## Recorded data
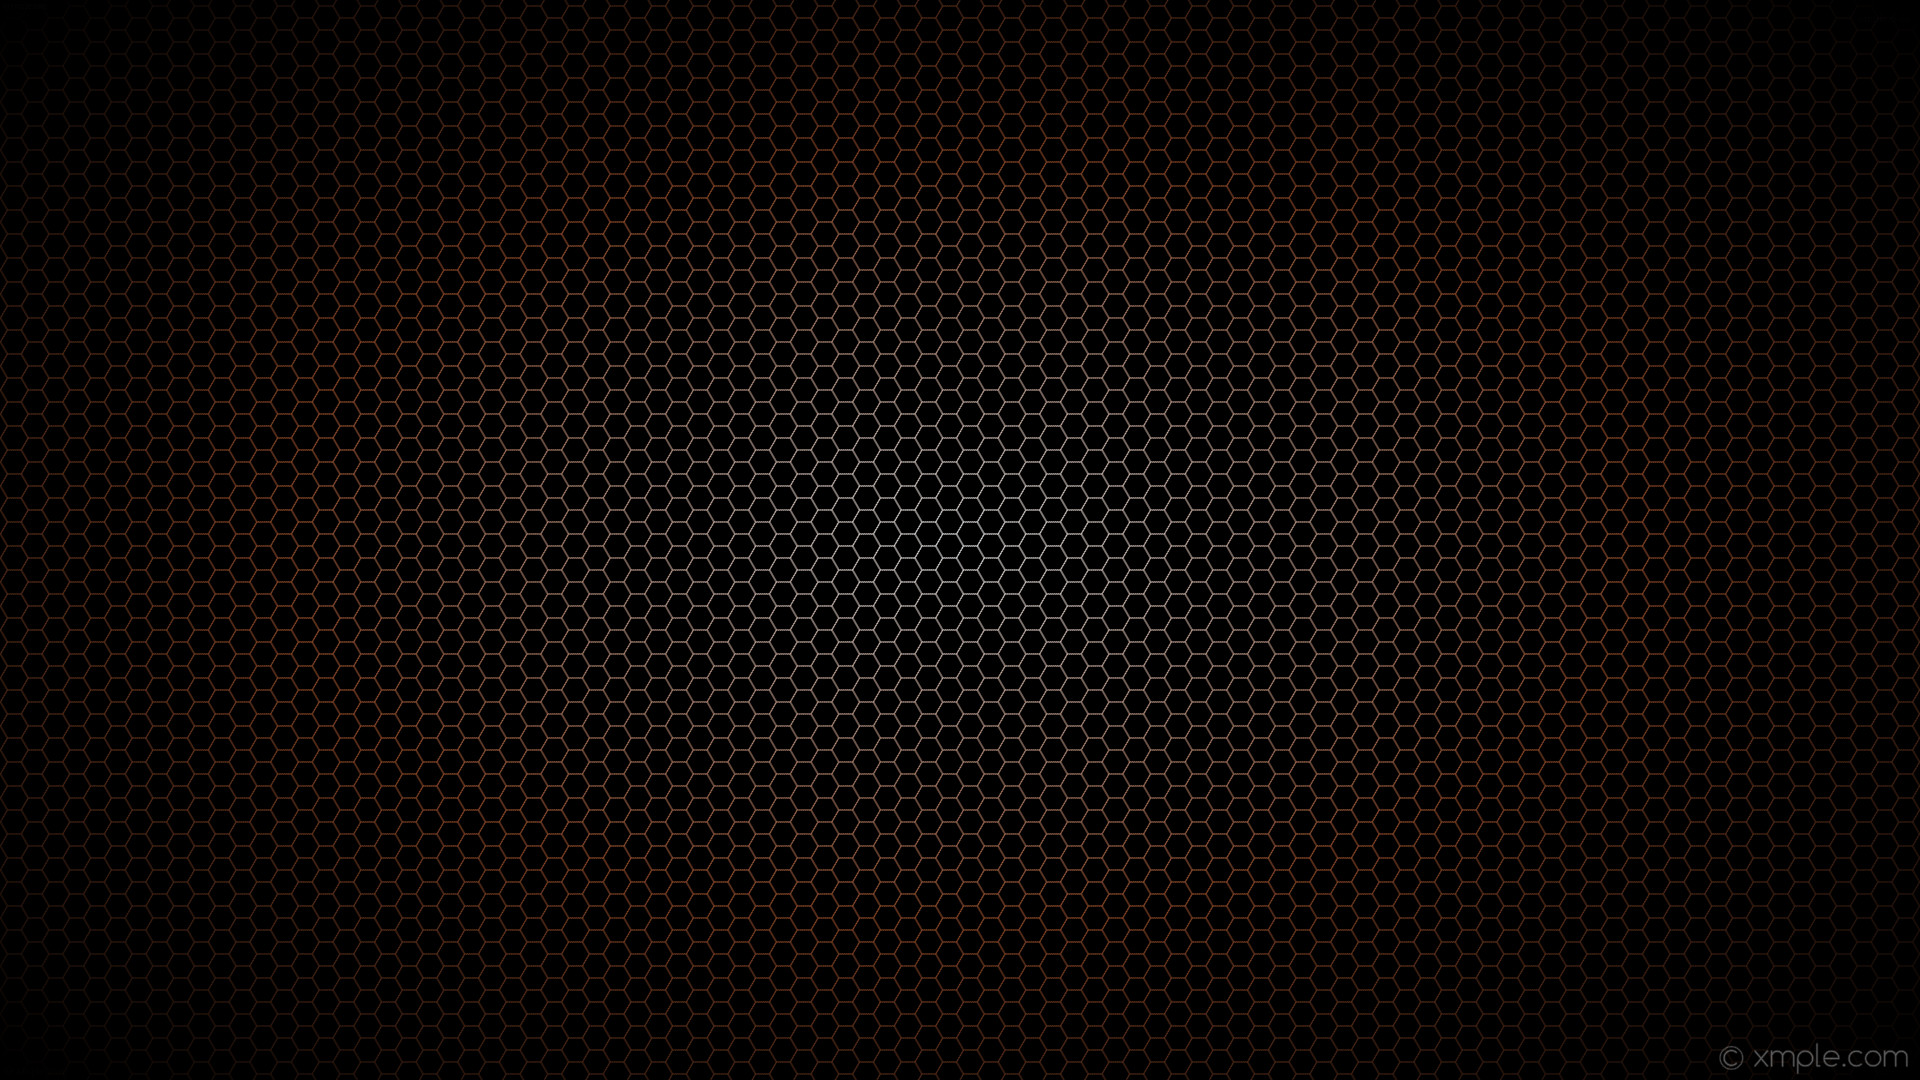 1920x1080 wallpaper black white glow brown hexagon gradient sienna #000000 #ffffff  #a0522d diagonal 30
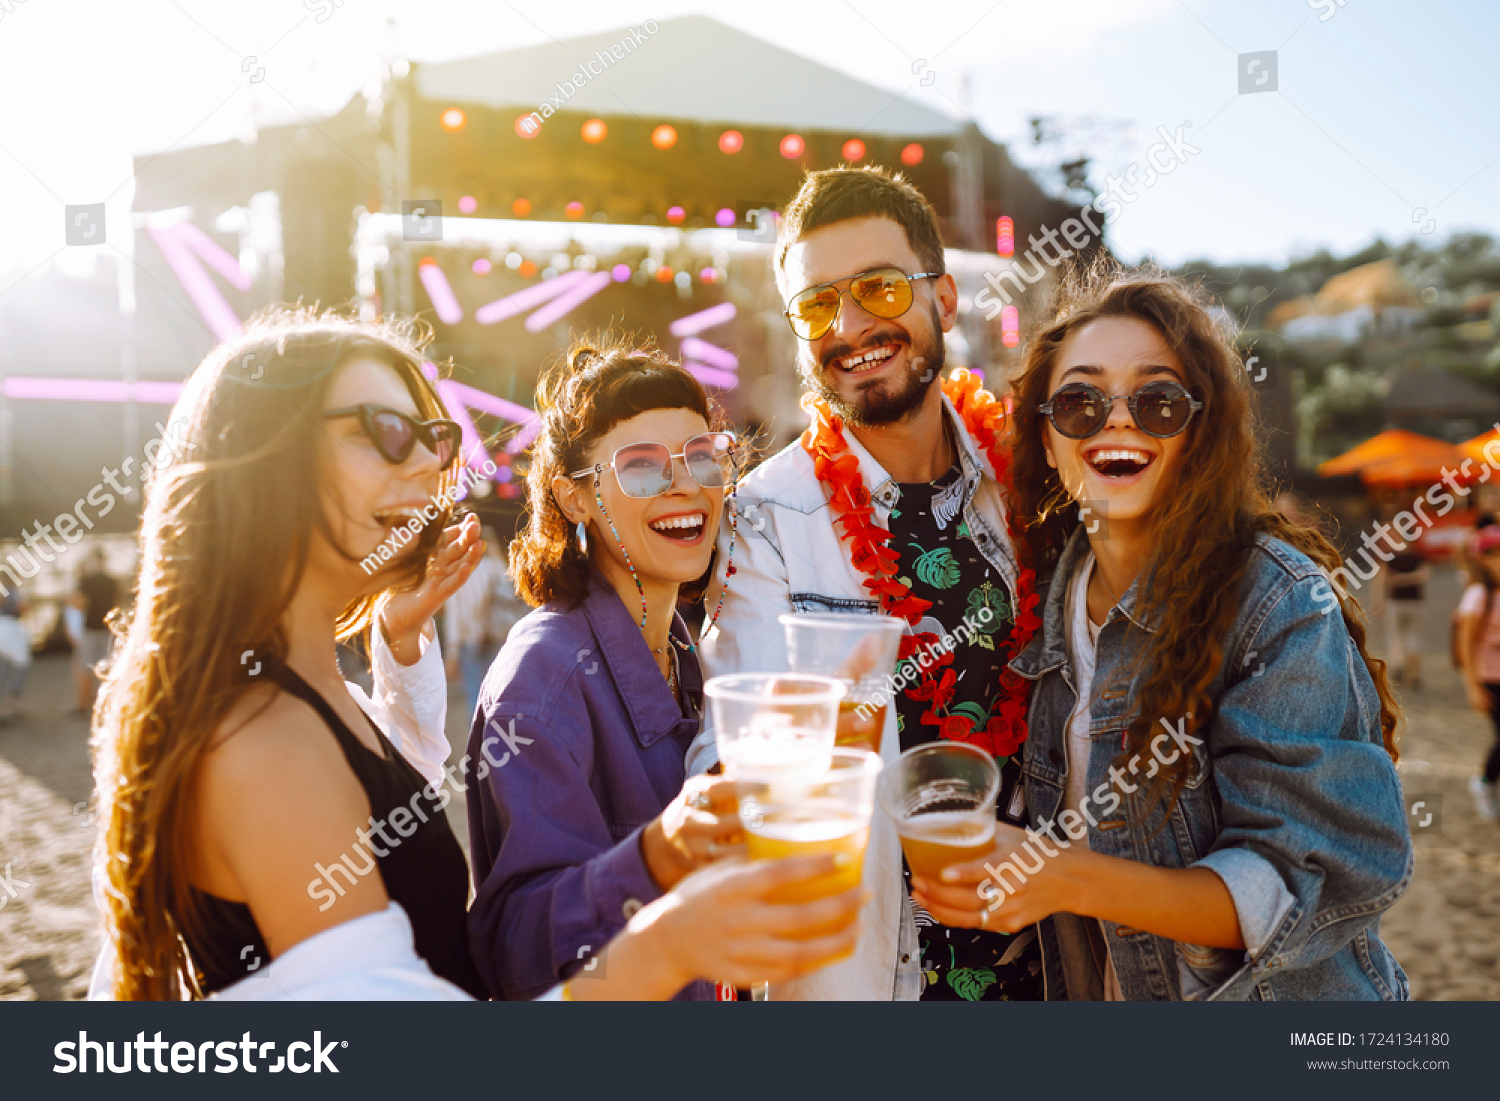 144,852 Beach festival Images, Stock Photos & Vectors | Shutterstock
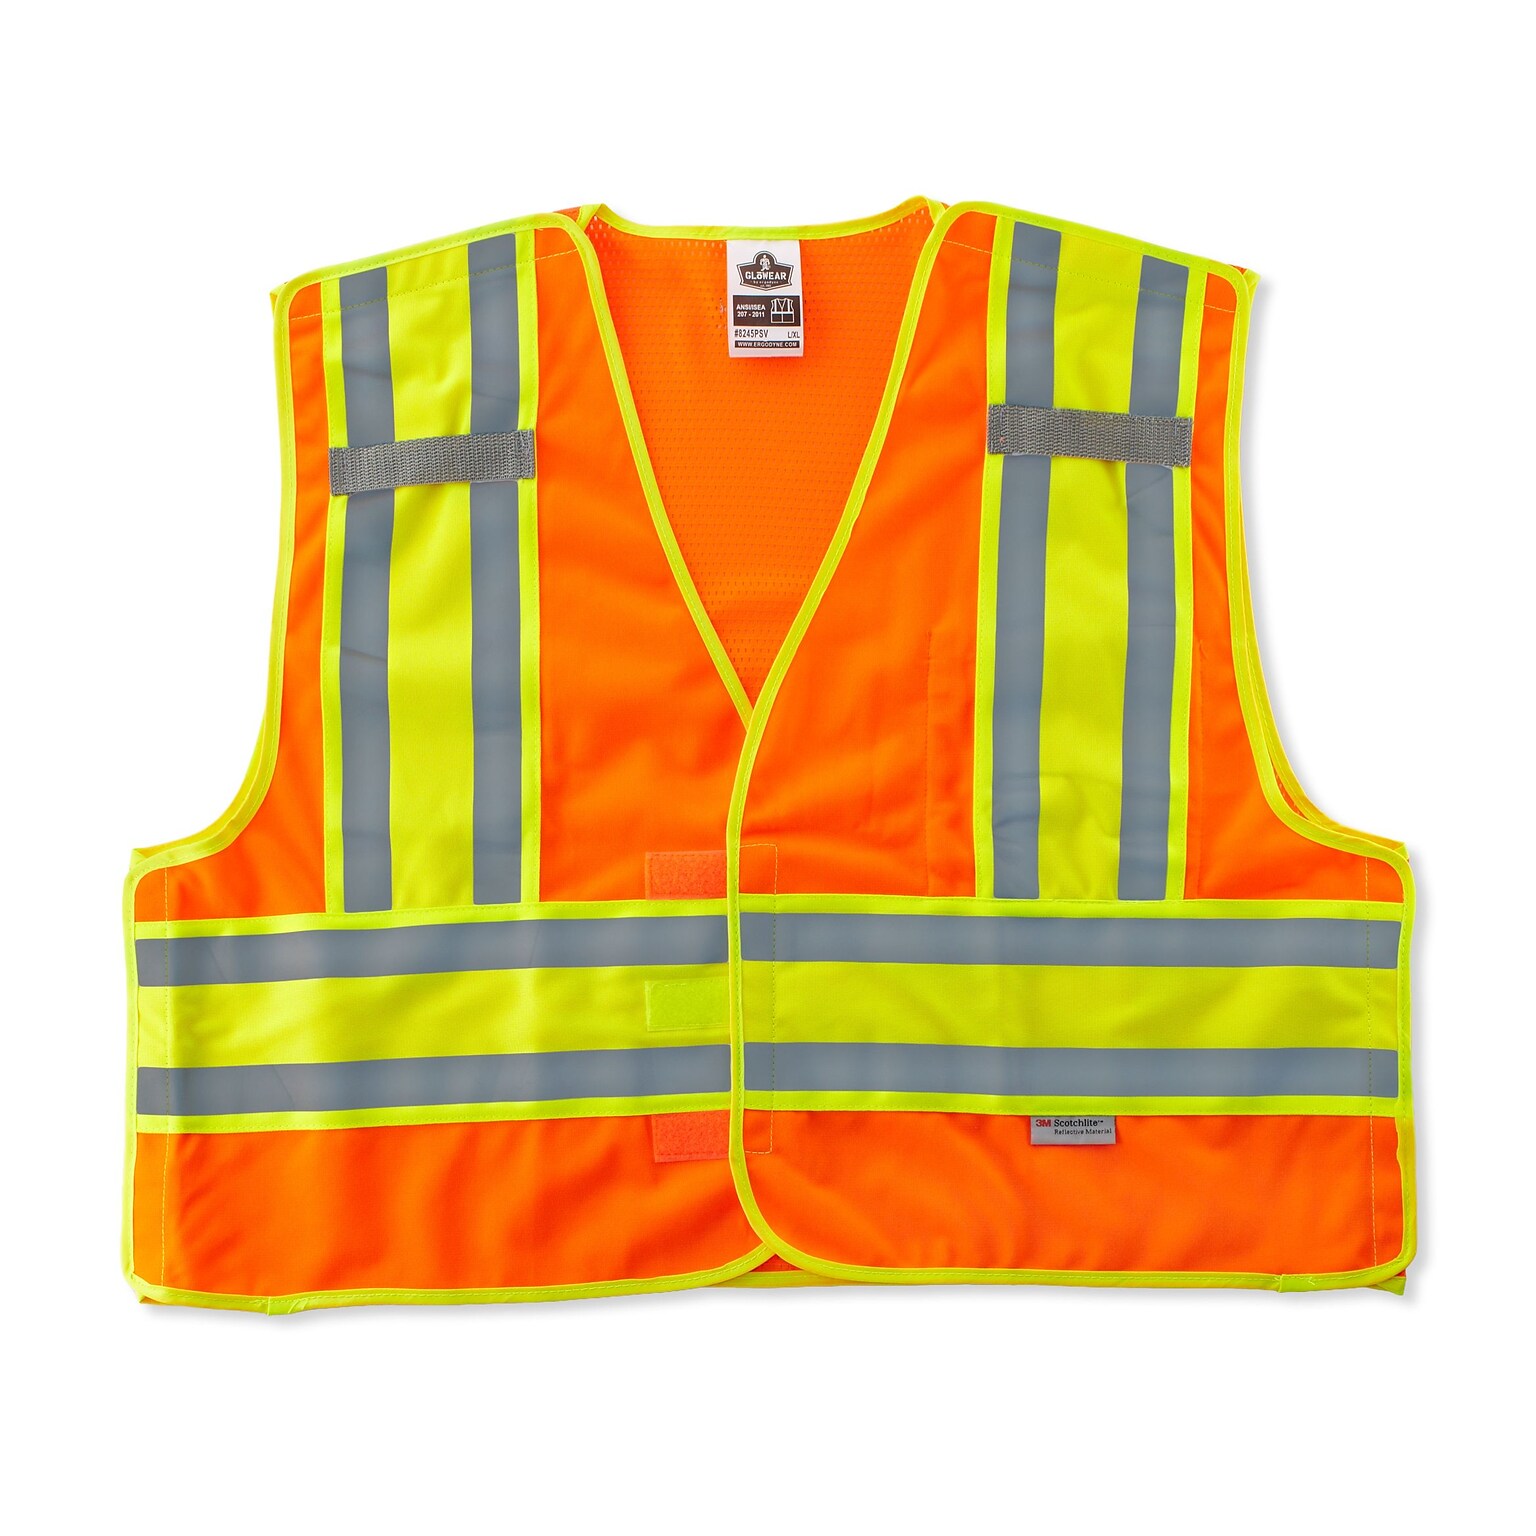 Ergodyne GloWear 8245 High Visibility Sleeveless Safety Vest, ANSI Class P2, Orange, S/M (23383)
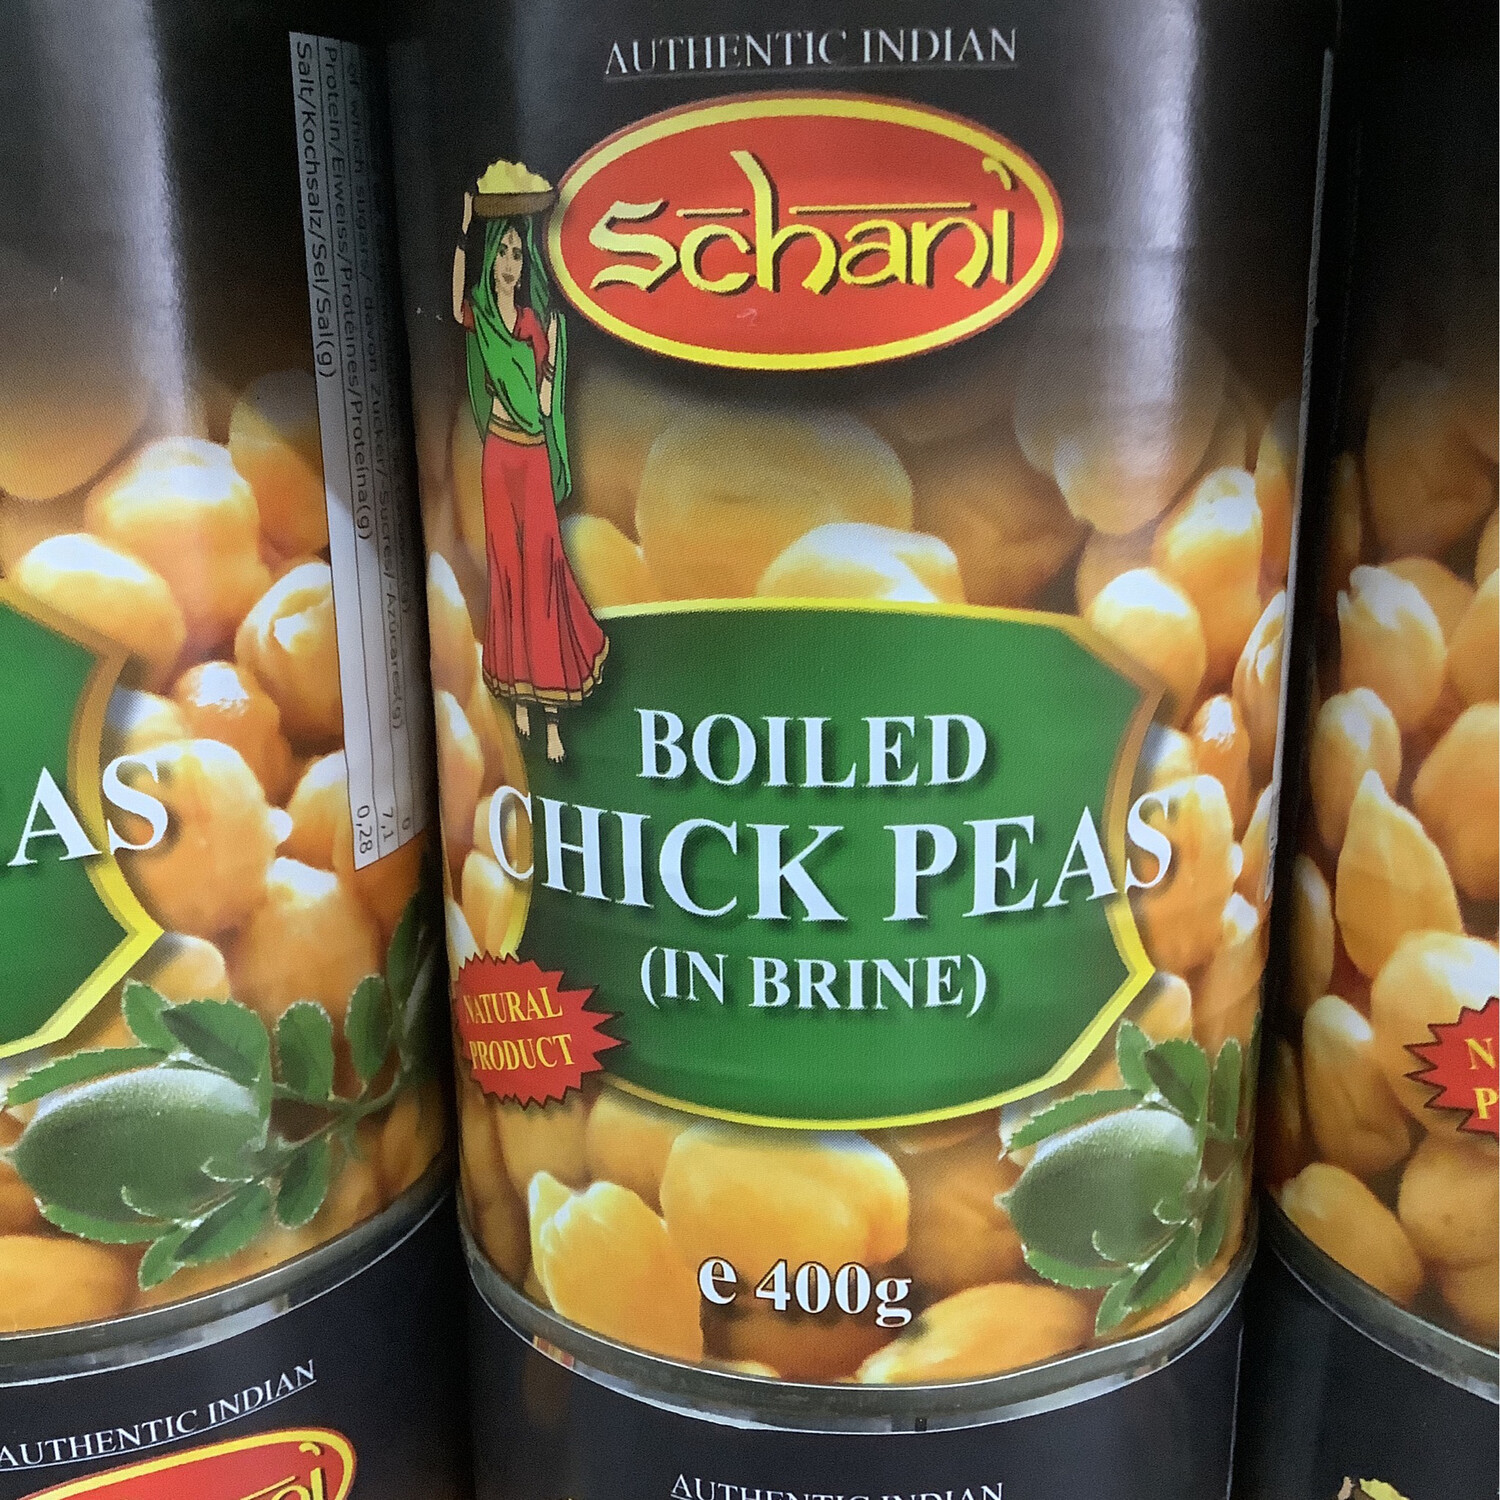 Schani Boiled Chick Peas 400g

## Goal of the exercise
Leave the pictures aside. Set down exactly the lines from the one with "Ergodyne GloWear 8245" through the final line of the listing above.

## Written solution
 Ergodyne GloWear 8245 High Visibility Sleeveless Safety Vest, ANSI Class P2, Orange, S/M (23383)
 Schani Boiled Chick Peas 400g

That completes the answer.